The key question is:
Aligned to what?
Without answering that, the concept of alignment is meaningless.
(03:35) Building training environments for alignment
Instead of building a single “aligned model,” Softmax is building learning environments.
These environments:
Are multiplayer
Allow cooperation and competition
Require agents to model each other
This helps develop theory of mind.
(04:00) Theory of mind as a prerequisite
To align with others, an agent must understand them.
That requires:
Modeling other agents’ goals
Predicting behavior
Inferring intent
Without this, alignment is fragile and accidental.

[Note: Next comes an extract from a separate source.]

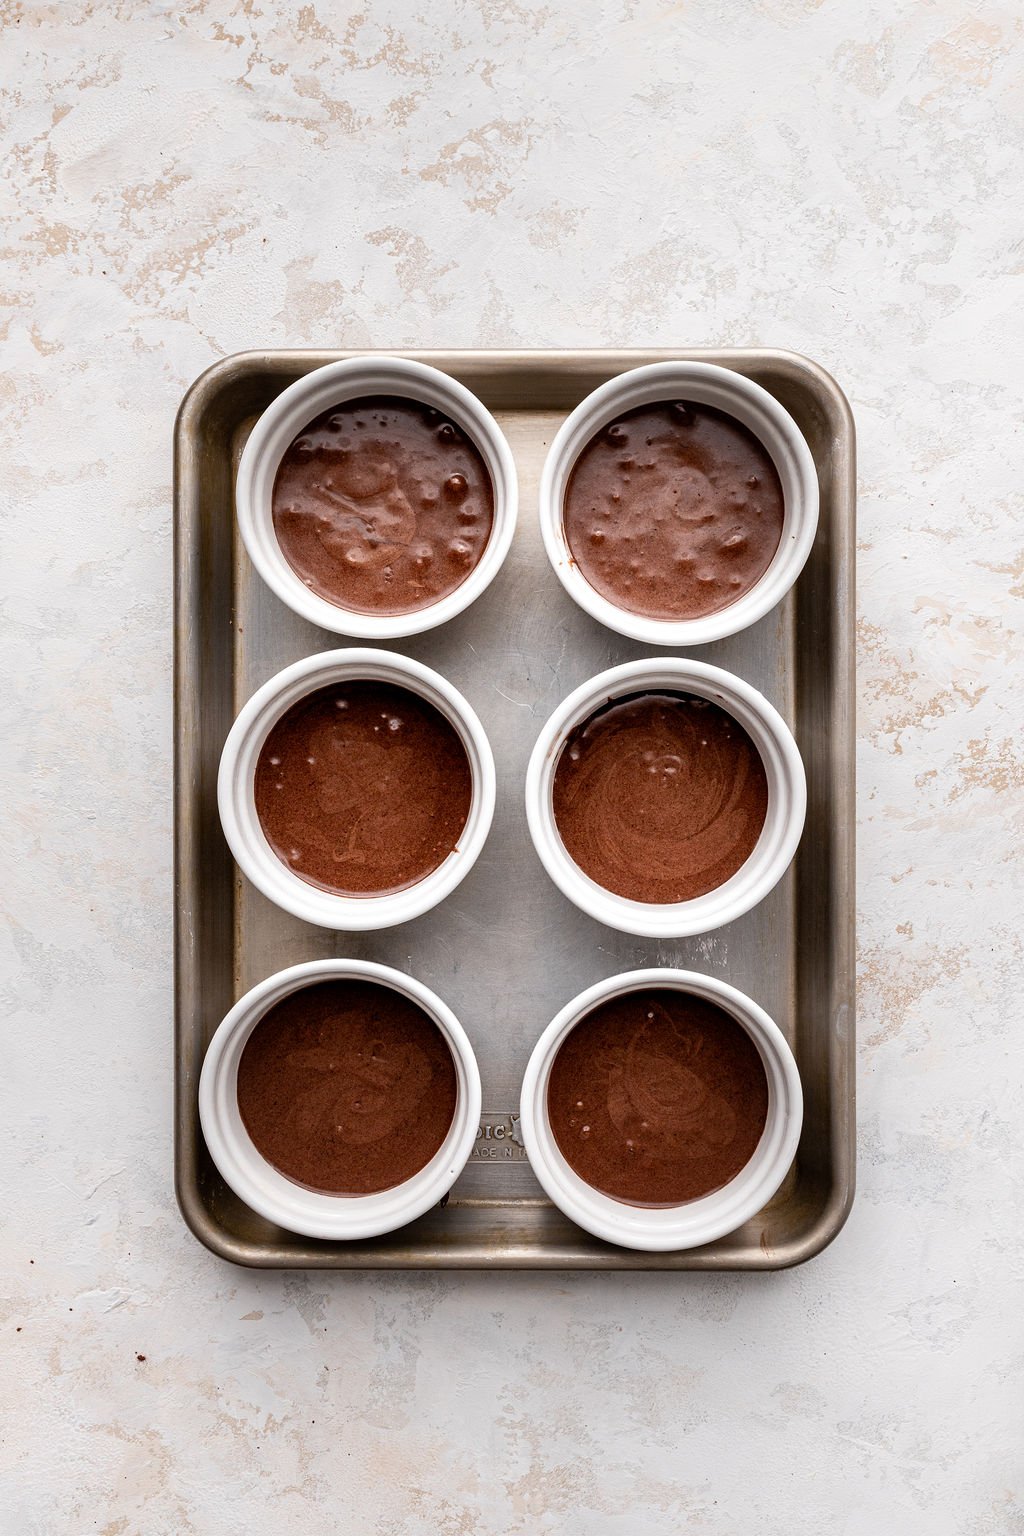 chocolate lava cakes in ramekins ready to bake.

(04:45) Continuous learning is required
Aligned systems cannot be static.
They must:
Continuously adapt
Learn from new experiences
Update their understanding of the world
The world is non-stationary, so alignment must be ongoing.
(06:30) Multiplayer environments vs static training
Softmax uses open-ended environments where agents:
Compete
Cooperate
Solve evolving problems
This better reflects the real world compared to static datasets.
(07:13) Alignment is always relative
Alignment is not universal.
It depends on:
The agent
Its relationships
What it identifies with
Humans align with family, community, and society in different ways.
AI will face the same problem.
(10:55) Cooperation and competition both matter
Real-world environments are not purely cooperative.
Agents must learn to:
Collaborate when beneficial
Compete when necessary
Training environments need both dynamics.
(12:59) AGI and alignment are the same problem
Emmett argues that building AGI inherently requires solving alignment.
Key missing capabilities today:
Theory of mind
Self-modeling
Learning from experience
Without these, systems remain fragile.
(15:20) Alignment enables both good and evil
A key insight:
The ability to align systems also enables large-scale coordination.
That coordination can be used for:
Positive outcomes
Harmful outcomes
Alignment is a capability, not a guarantee of safety.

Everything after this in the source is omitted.